* _TASK DESCRIPTION_
Copy the listing exactly, please, and keep every picture out of it.
Top of SUPPLIED INFORMATION
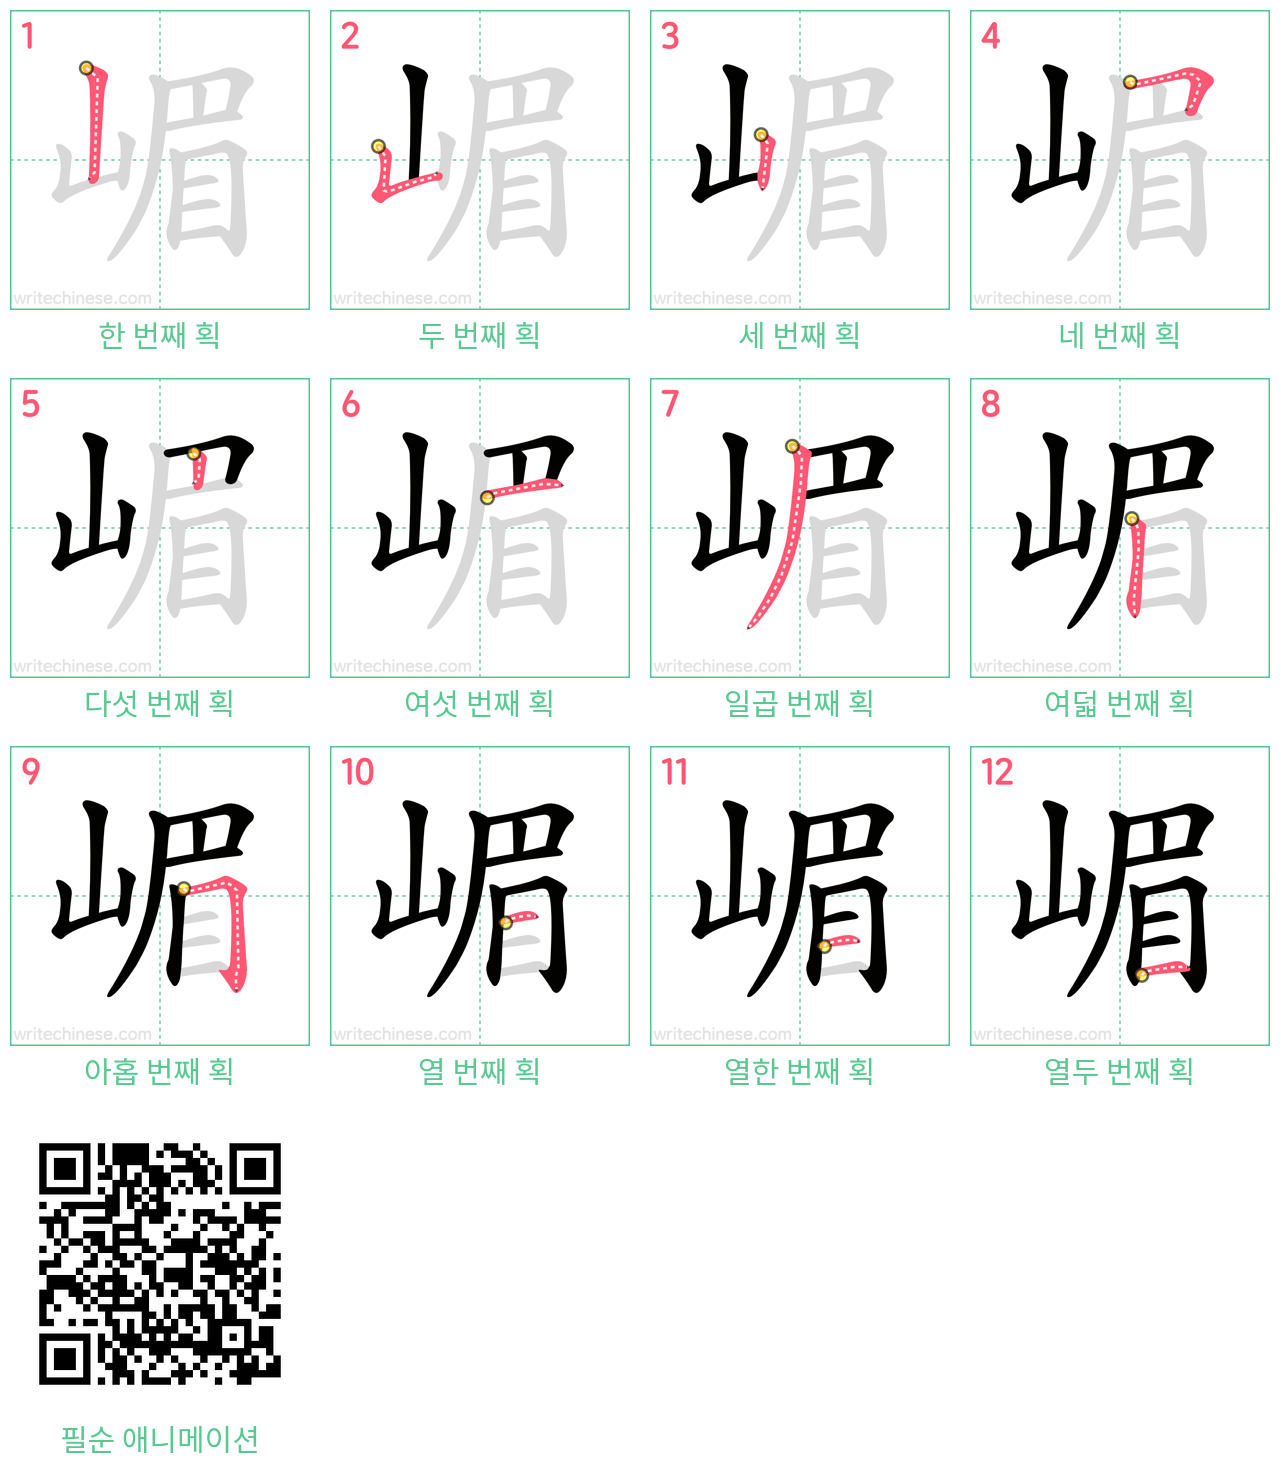 嵋 step-by-step stroke order diagrams
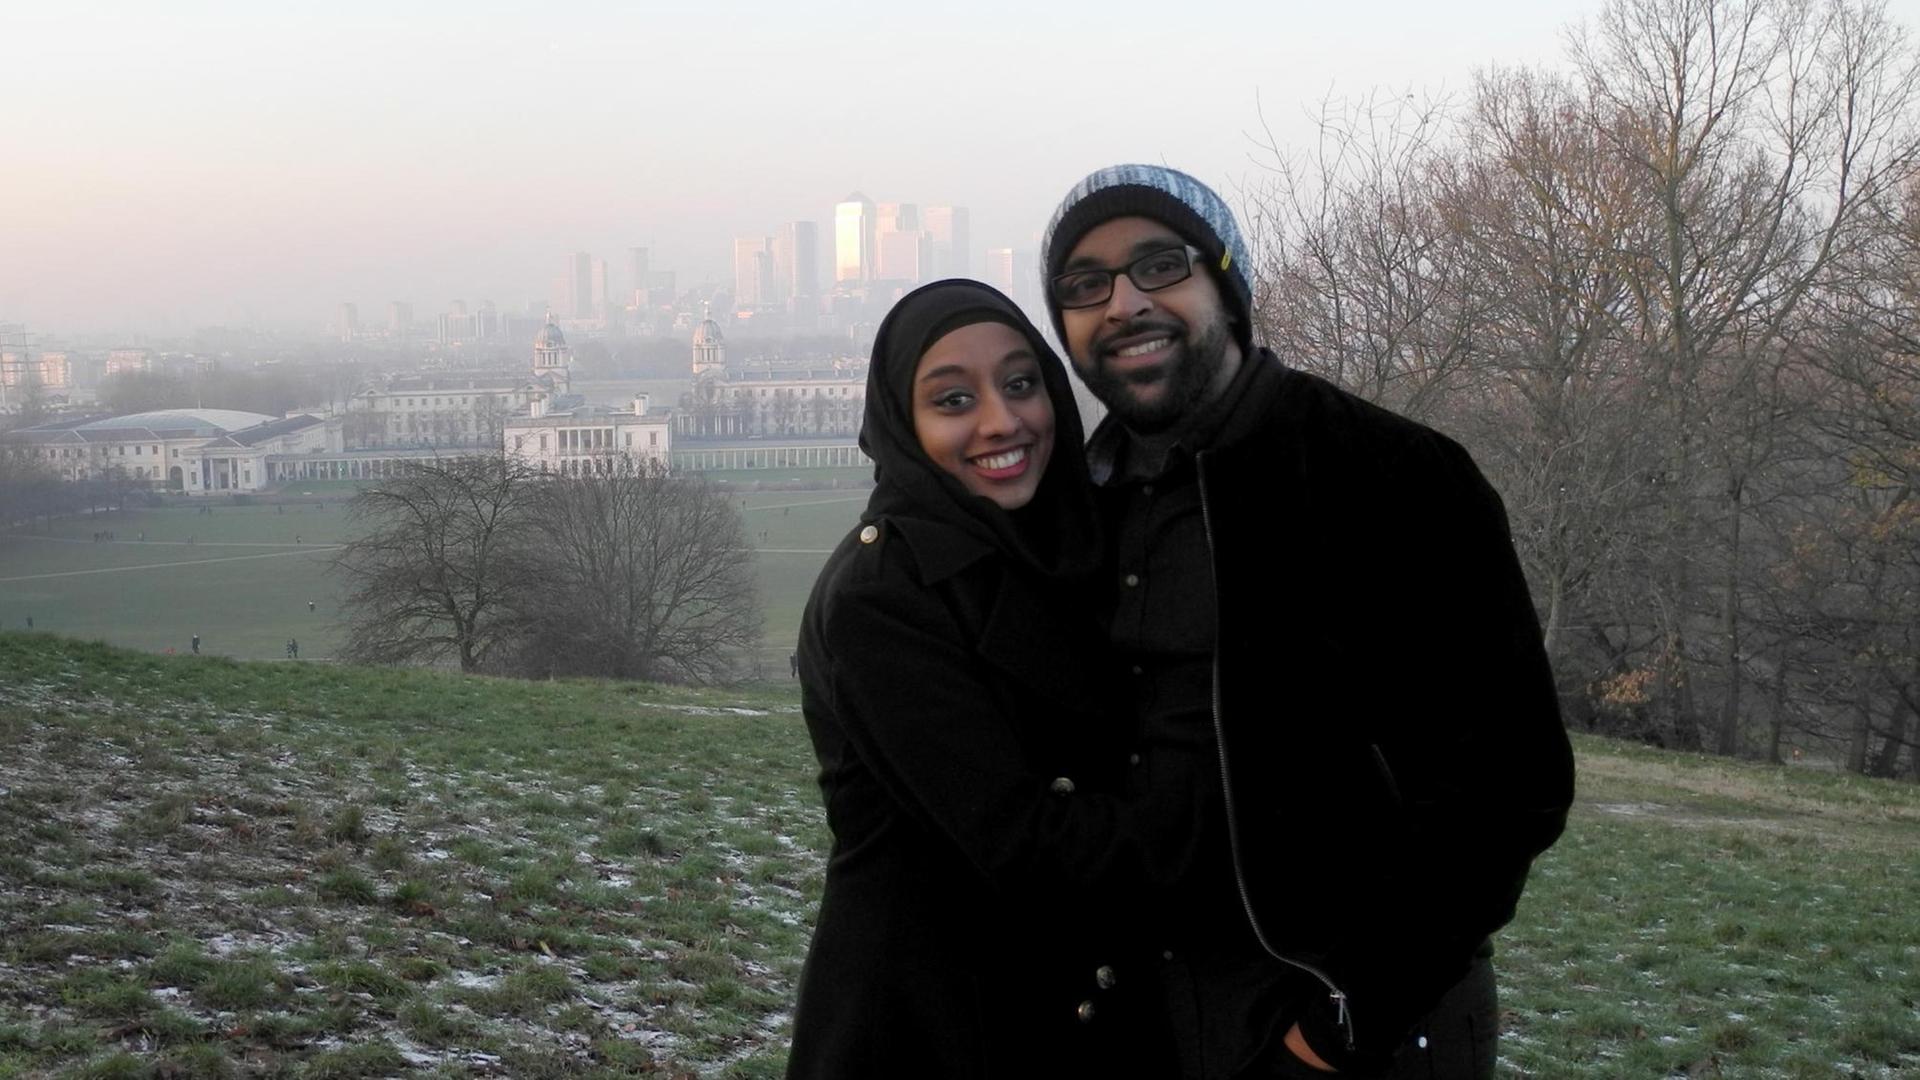 Über die Dating-App Muzmatch kennengelernt, inzwischen verheiratet: ein englisches Paar im Greenwich Park
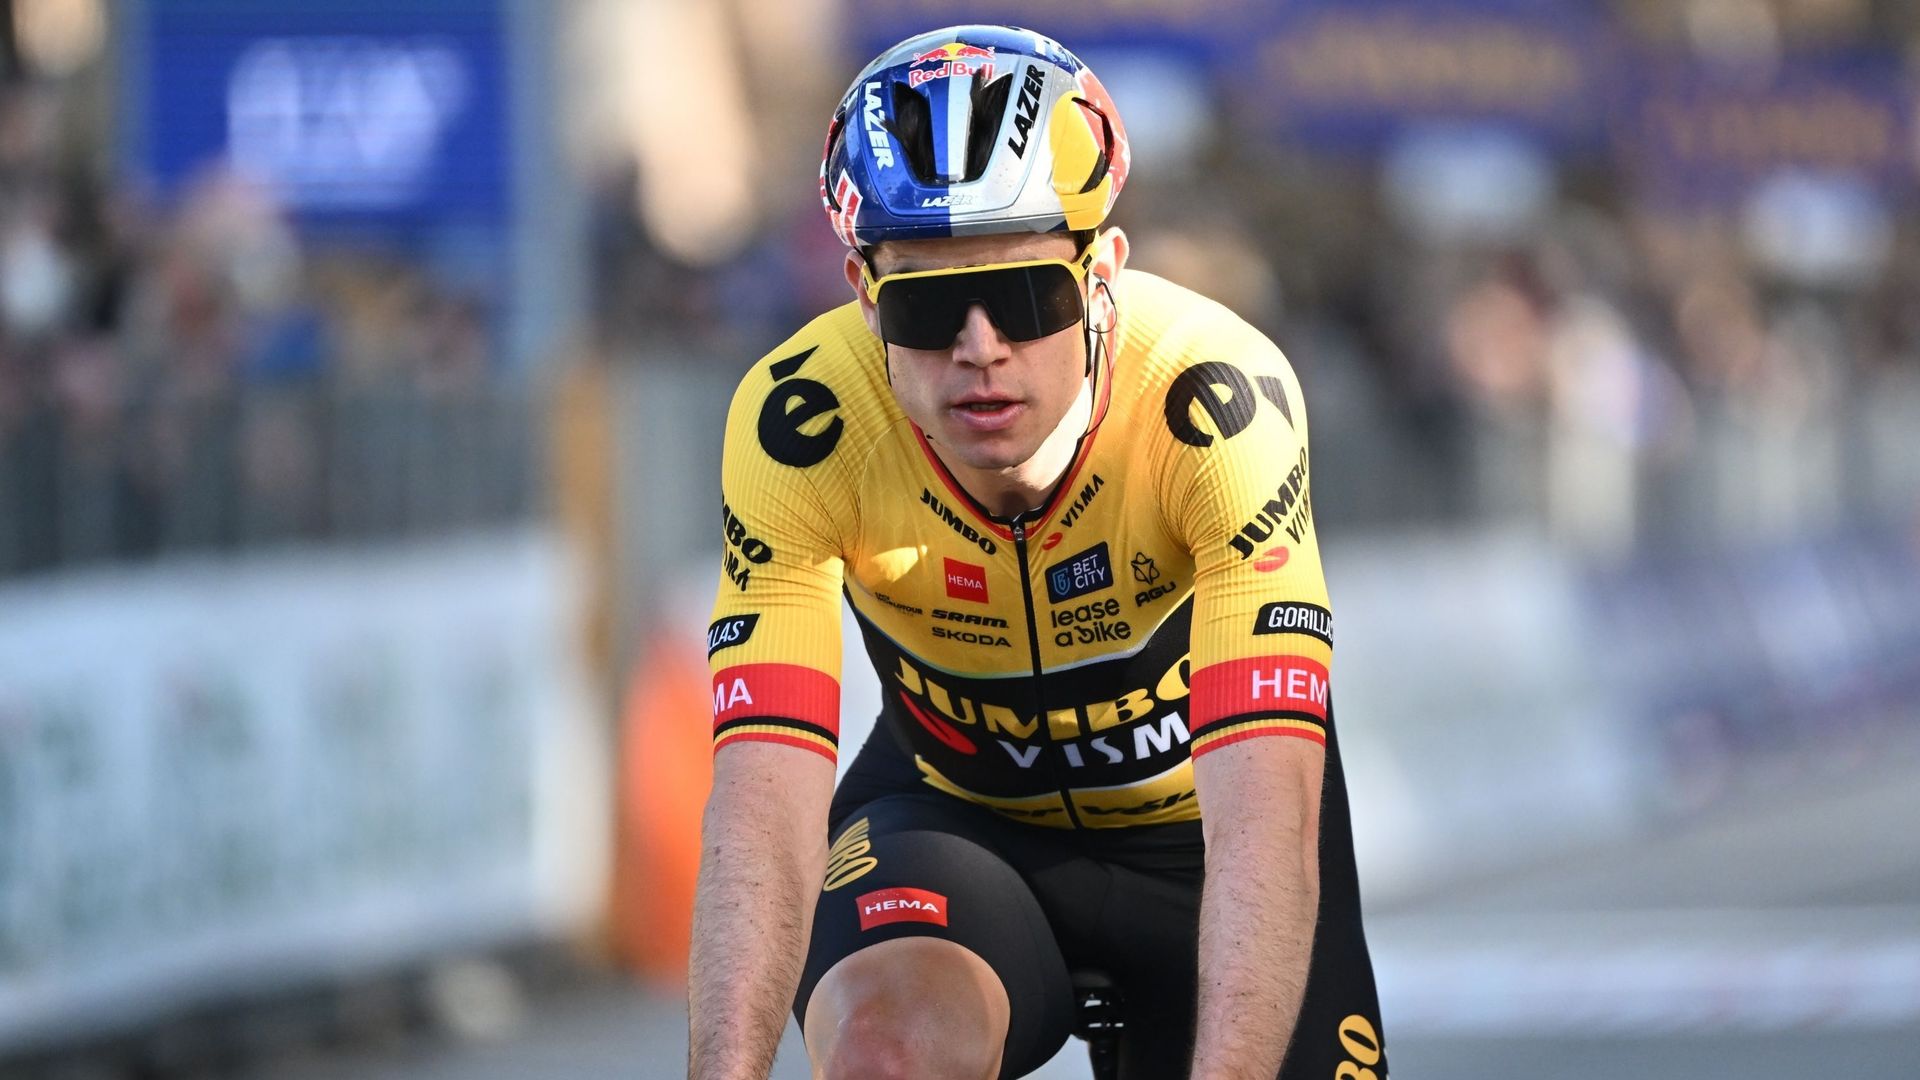 Wout van Aert lors de la 2e étape de Tirreno-Adriatico.
Bottom of SUPPLIED INFORMATION
* _TASK OUTPUT_
 嵋 step-by-step stroke order diagrams
 Über die Dating-App Muzmatch kennengelernt, inzwischen verheiratet: ein englisches Paar im Greenwich Park
 Wout van Aert lors de la 2e étape de Tirreno-Adriatico.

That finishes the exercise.